-- Provided material follows --

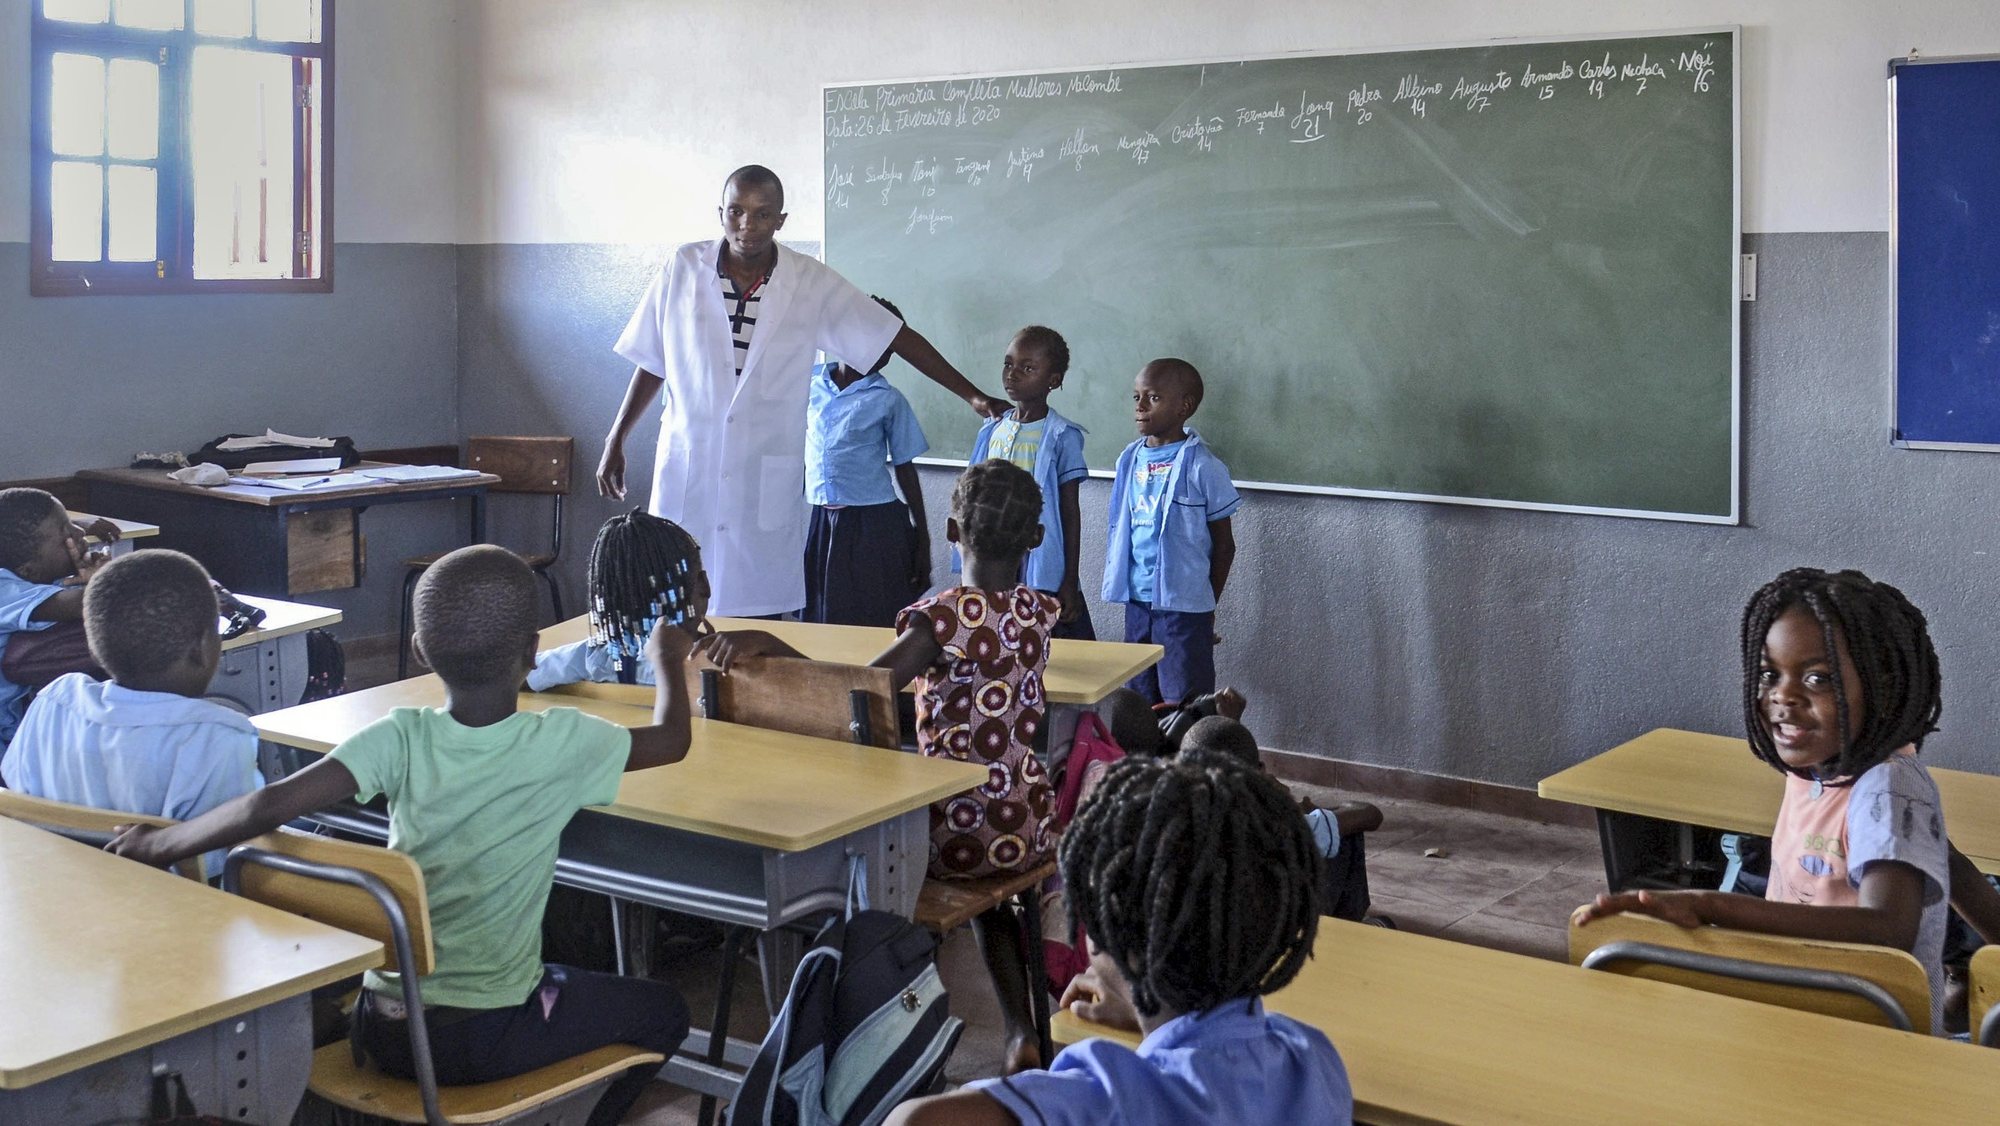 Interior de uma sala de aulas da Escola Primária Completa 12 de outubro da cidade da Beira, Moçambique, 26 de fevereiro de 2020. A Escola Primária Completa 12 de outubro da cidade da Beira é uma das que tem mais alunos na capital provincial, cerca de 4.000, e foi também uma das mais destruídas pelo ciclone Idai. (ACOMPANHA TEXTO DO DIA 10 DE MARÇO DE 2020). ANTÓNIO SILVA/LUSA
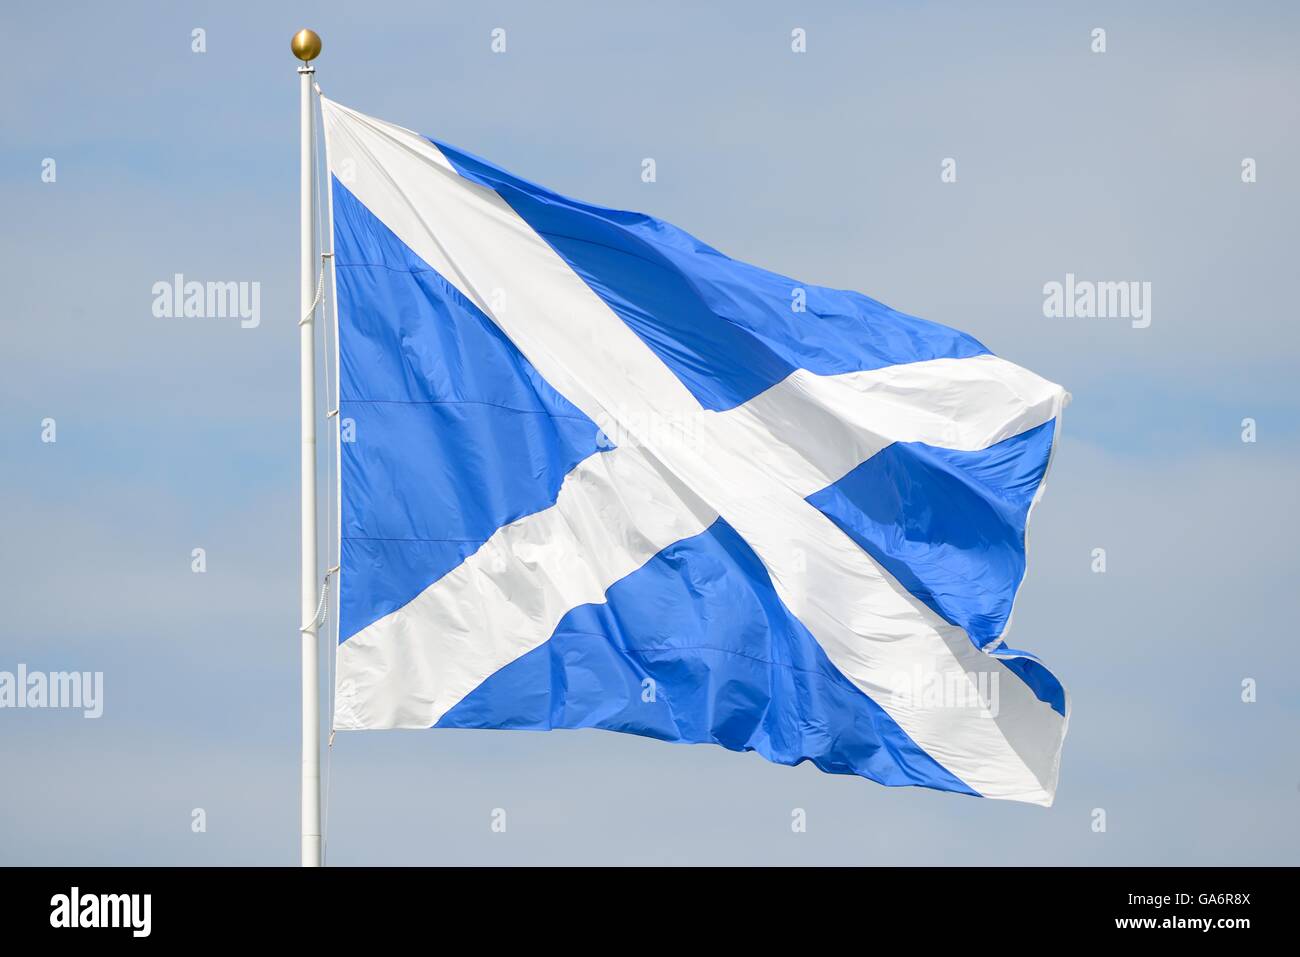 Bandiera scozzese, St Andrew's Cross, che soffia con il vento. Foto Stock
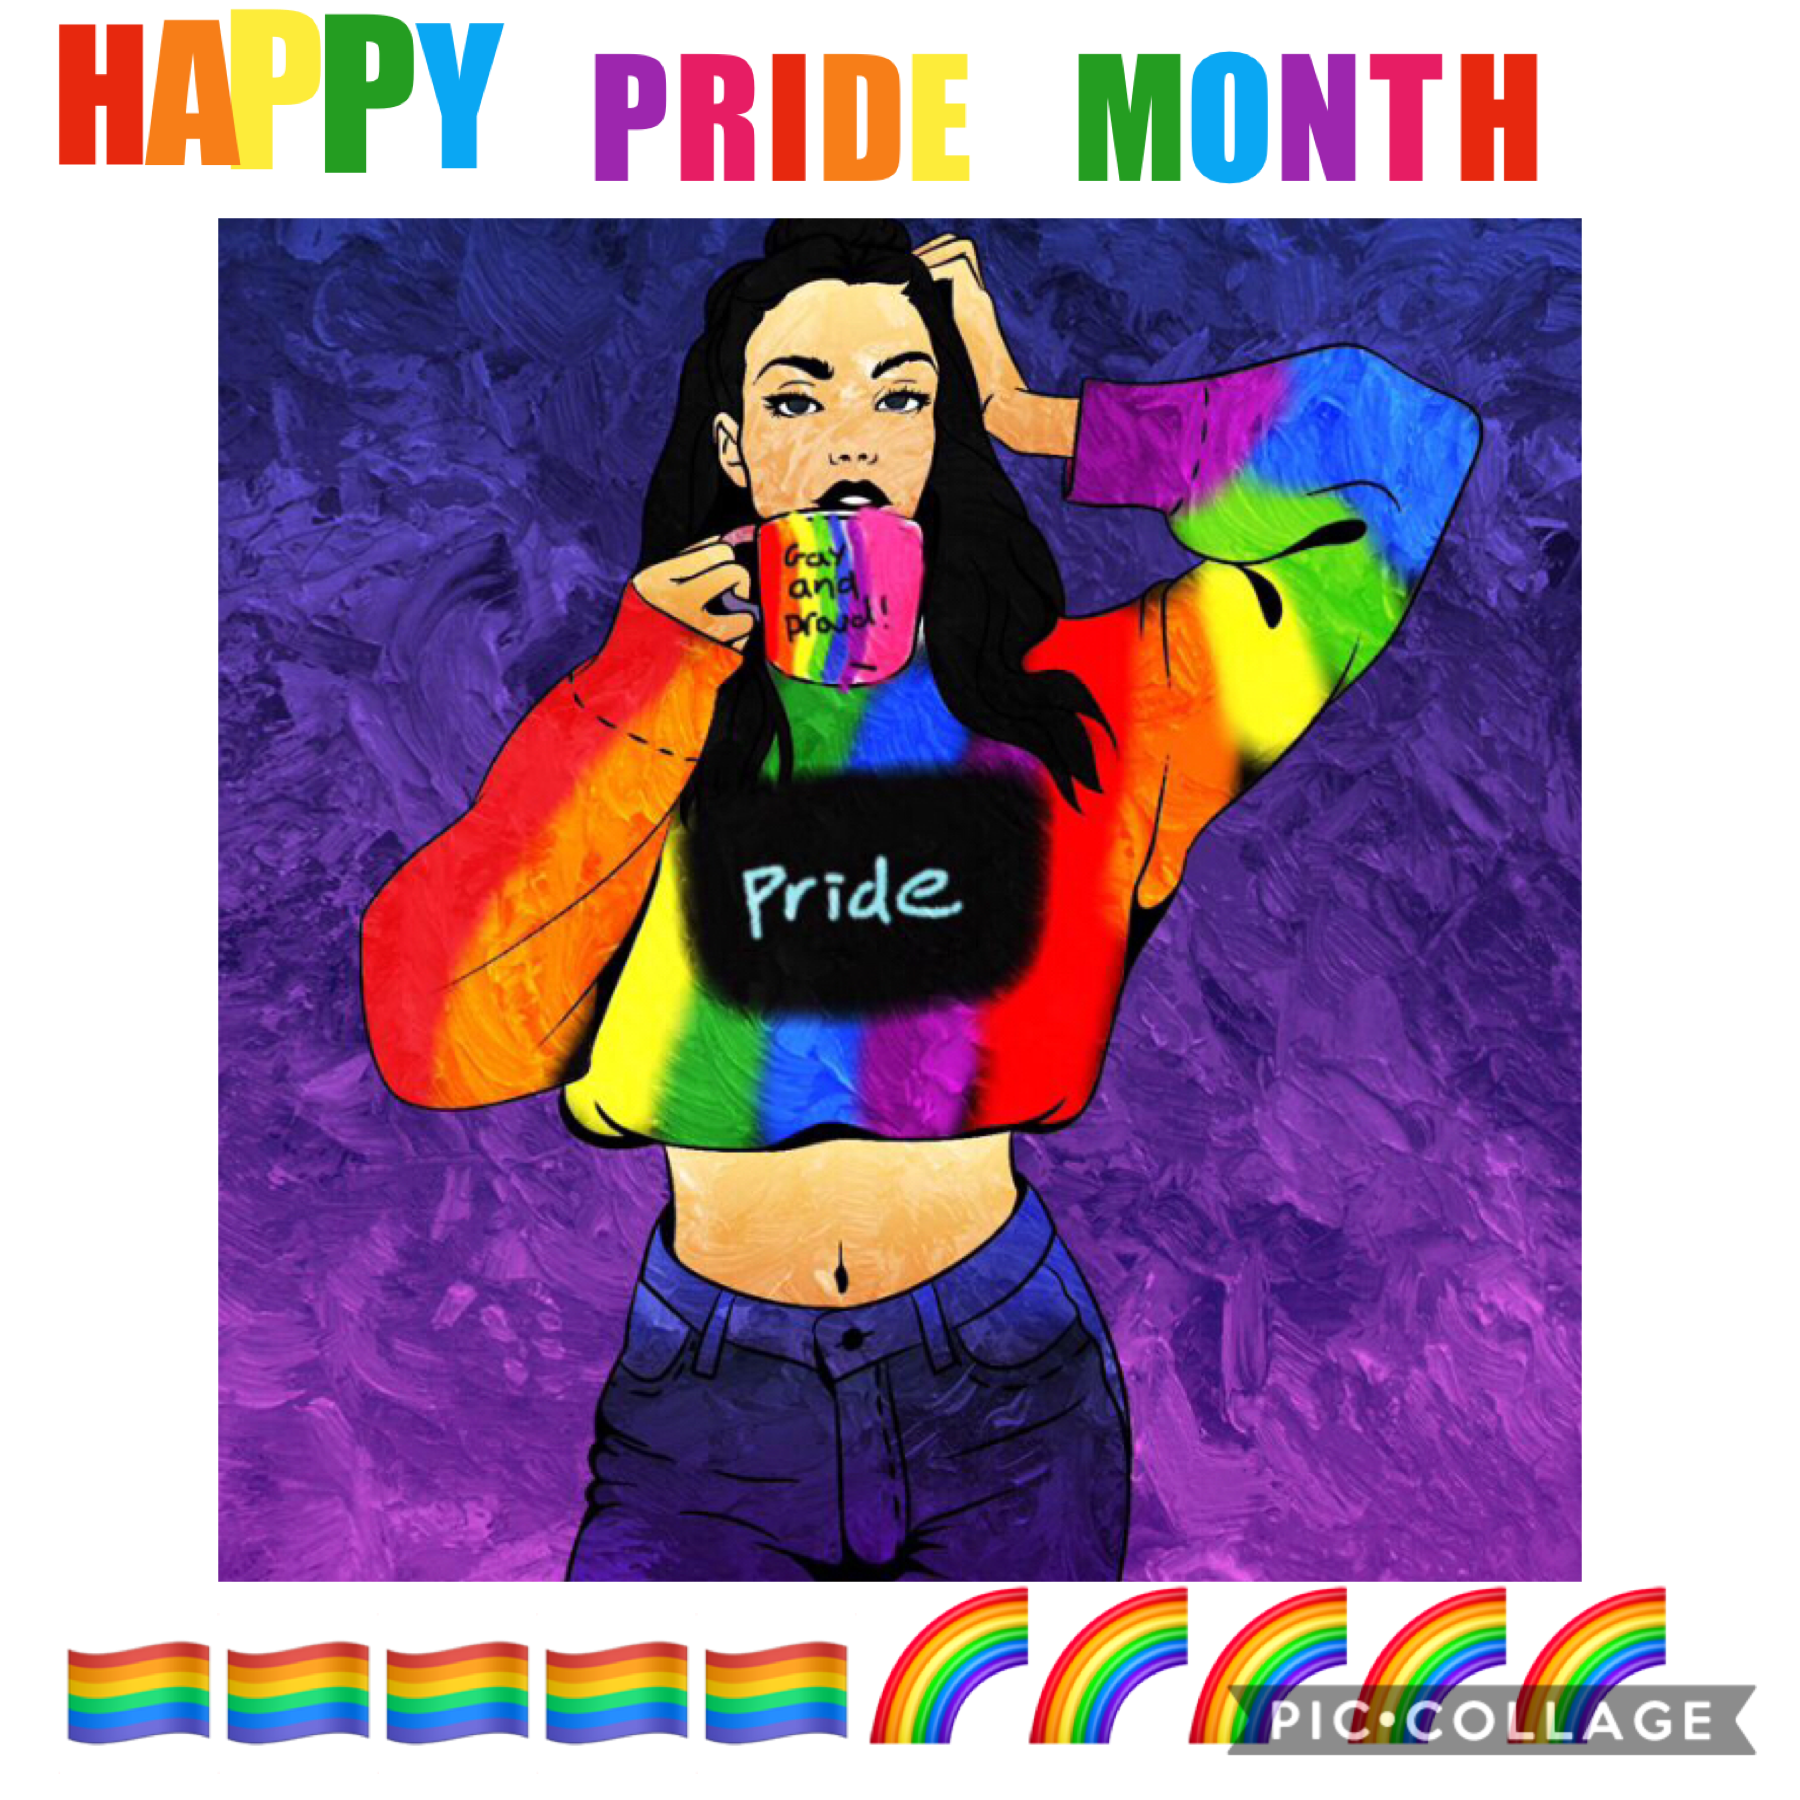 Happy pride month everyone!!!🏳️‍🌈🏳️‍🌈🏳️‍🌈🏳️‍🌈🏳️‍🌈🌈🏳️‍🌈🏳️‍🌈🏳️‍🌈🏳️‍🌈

-- Provided material concluded --

● Prompt
Could you return the whole listing exactly, with every picture removed?

● Result for this task
 Interior de uma sala de aulas da Escola Primária Completa 12 de outubro da cidade da Beira, Moçambique, 26 de fevereiro de 2020. A Escola Primária Completa 12 de outubro da cidade da Beira é uma das que tem mais alunos na capital provincial, cerca de 4.000, e foi também uma das mais destruídas pelo ciclone Idai. (ACOMPANHA TEXTO DO DIA 10 DE MARÇO DE 2020). ANTÓNIO SILVA/LUSA
 Bandiera scozzese, St Andrew's Cross, che soffia con il vento. Foto Stock
 Happy pride month everyone!!!🏳️‍🌈🏳️‍🌈🏳️‍🌈🏳️‍🌈🏳️‍🌈🌈🏳️‍🌈🏳️‍🌈🏳️‍🌈🏳️‍🌈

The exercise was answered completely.